Tournament statistics
- Matches played: 42
- Goals scored: 187 (4.45 per match)

= 2025–26 Moldovan Cup =

The 2025–26 Moldovan Cup (Cupa Moldovei) was the 35th season of the annual Moldovan football cup competition. The competition started on 3 September 2025 with the first preliminary round and concluded with the final on 23 May 2026. As the winners, Sheriff Tiraspol qualified for the first qualifying round of the 2026–27 UEFA Europa League.

==Format and schedule==
Home advantage for the preliminary rounds and the round of 16 is granted to the team from the higher league. If both teams belong to the same division, the team with a higher ranking in the current league season will play at home. The home team in the first legs of the quarter-finals, semi-finals and the final will be the team ranked higher in the current league season.

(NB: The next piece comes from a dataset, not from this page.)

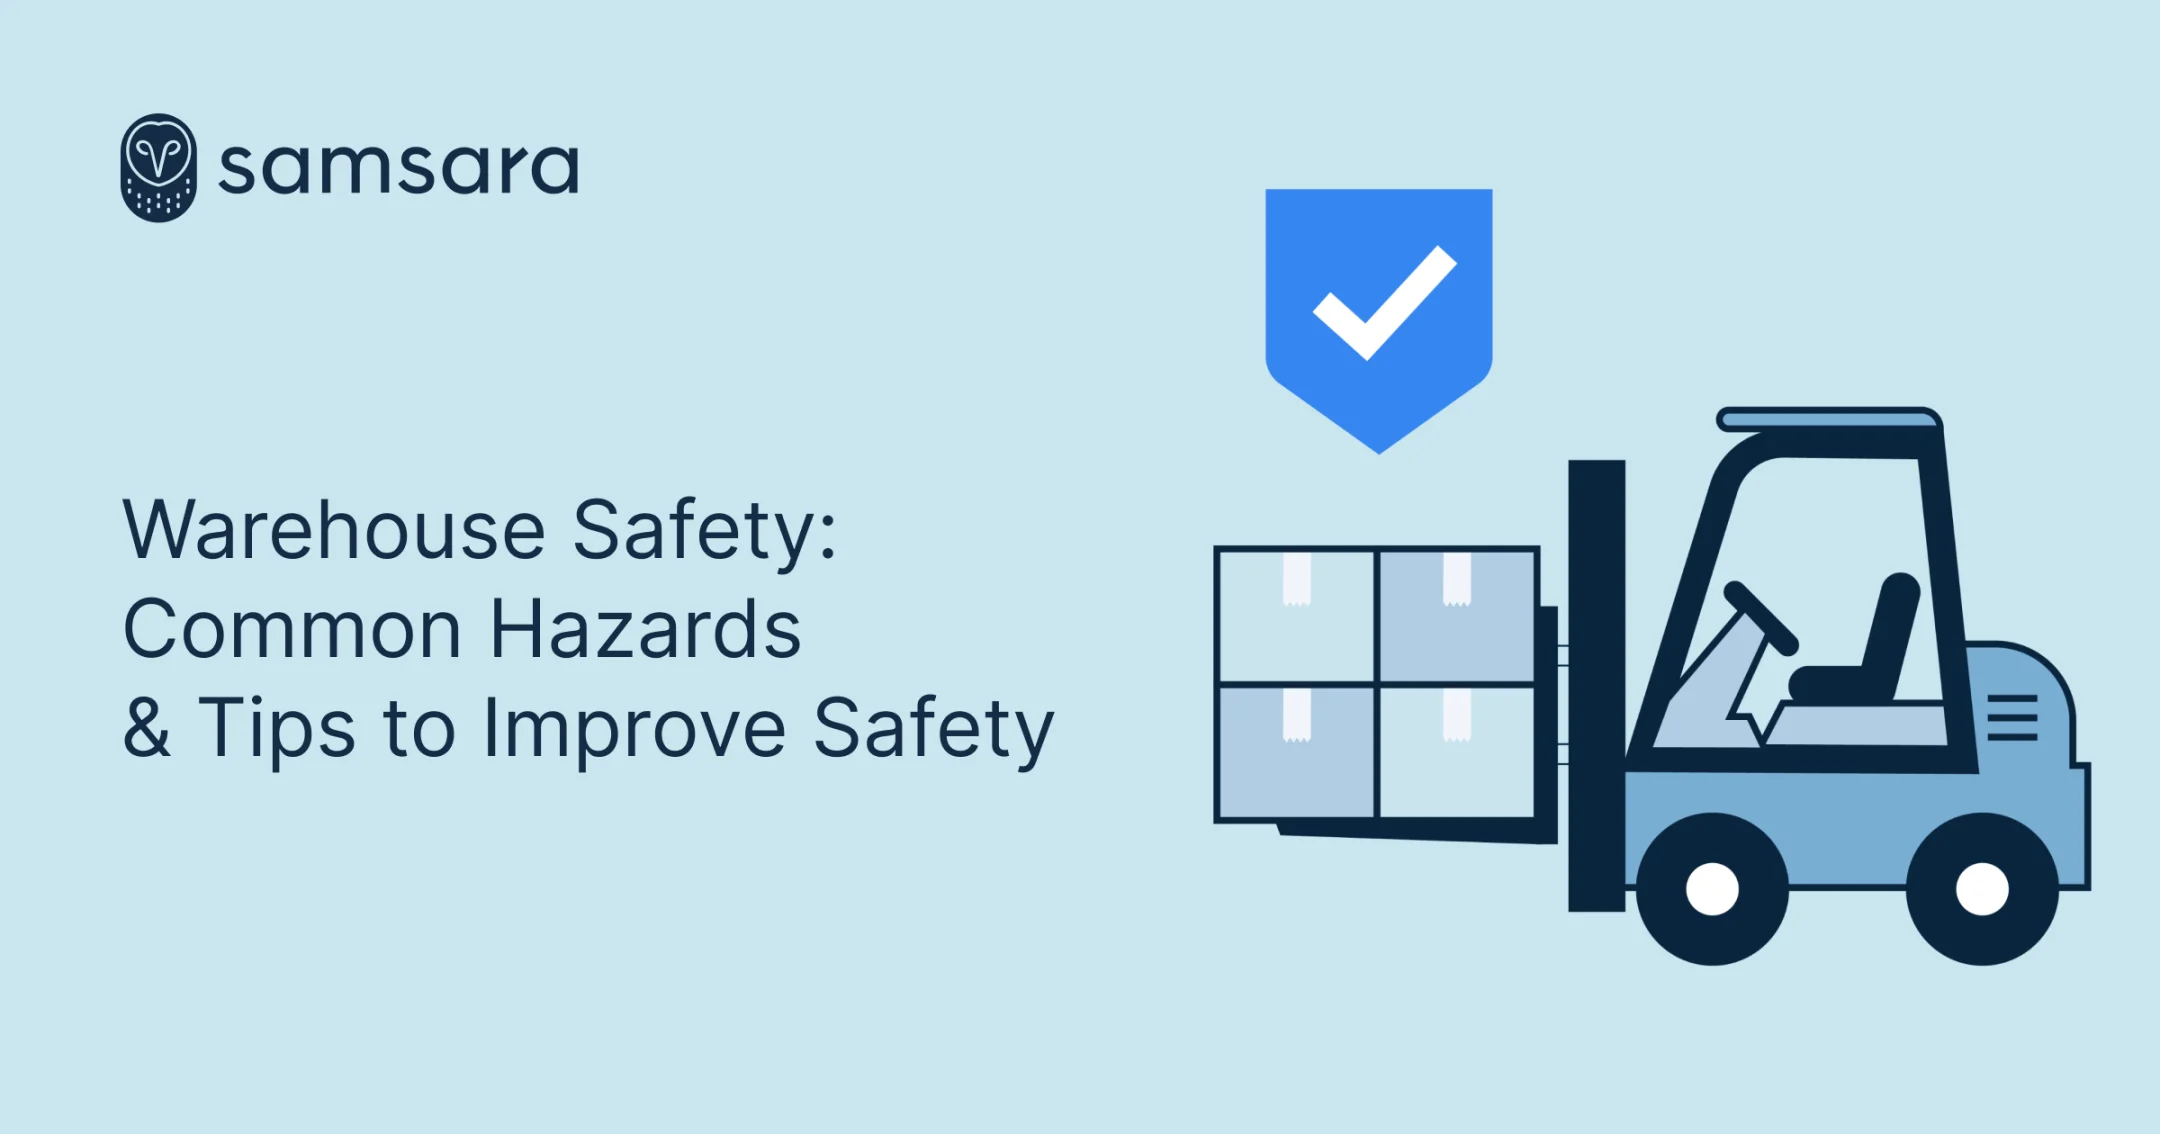 Warehouse Safety: Common Hazards & Tips to Improve Safety

| Round | Draw date | Match dates | Fixtures | Clubs |
| First preliminary round | 26 August 2025 | 3 September 2025 | 7 | 37 → 30 |
| Second preliminary round | 17 September 2025 | 6 | 30 → 24 |
| Third preliminary round | 23 September 2025 | 30 September 2025, 1 October 2025 | 8 | 24 → 16 |
| Round of 16 | 7 October 2025 | 28–29 October 2025 | 8 | 16 → 8 |
| Quarter-finals | 3–4 March 2026 (1st leg) 21–22 April 2026 (2nd leg) | 8 | 8 → 4 |
| Semi-finals | 6 May 2026 (1st leg) 13 May 2026 (2nd leg) | 4 | 4 → 2 |
| Final | 23 May 2026 | 1 | 2 → 1 |

==Participating clubs==
The following teams entered the competition:

| Liga the 8 teams of the 2025–26 season | Liga 1 the 10 teams of the 2025–26 season | Liga 2 the 19 teams of the 2025–26 season |
| Sheriff Tiraspol ^{title holder}; Milsami Orhei ^{runner-up}; Zimbru Chișinău; Petrocub Hîncești; Bălți; Spartanii Sportul; Dacia Buiucani; Politehnica UTM; | Victoria Chișinău; Fălești; Stăuceni; Florești; Iskra Rîbnița; FCM Ungheni; Univer Comrat; Olimp Comrat; Real Sireți; Oguz Comrat; | Speranța Drochia; Vulturii Cutezători; EFA Visoca; Chișinău; Steaua Nordului; Atletic Strășeni; Locomotiva Ocnița; Socol Copceac; Edineț; Constructorul Leova; Atletico Bălți; Maiak Chirsova; Țarigrad; Real Succes; Grănicerul Glodeni; Congaz; Olimpia Bălți; CMF Cahul; Național Ialoveni; |

==First preliminary round==
14 clubs from the Liga 2 entered this round and the other 5 clubs (selected via a draw) received a bye.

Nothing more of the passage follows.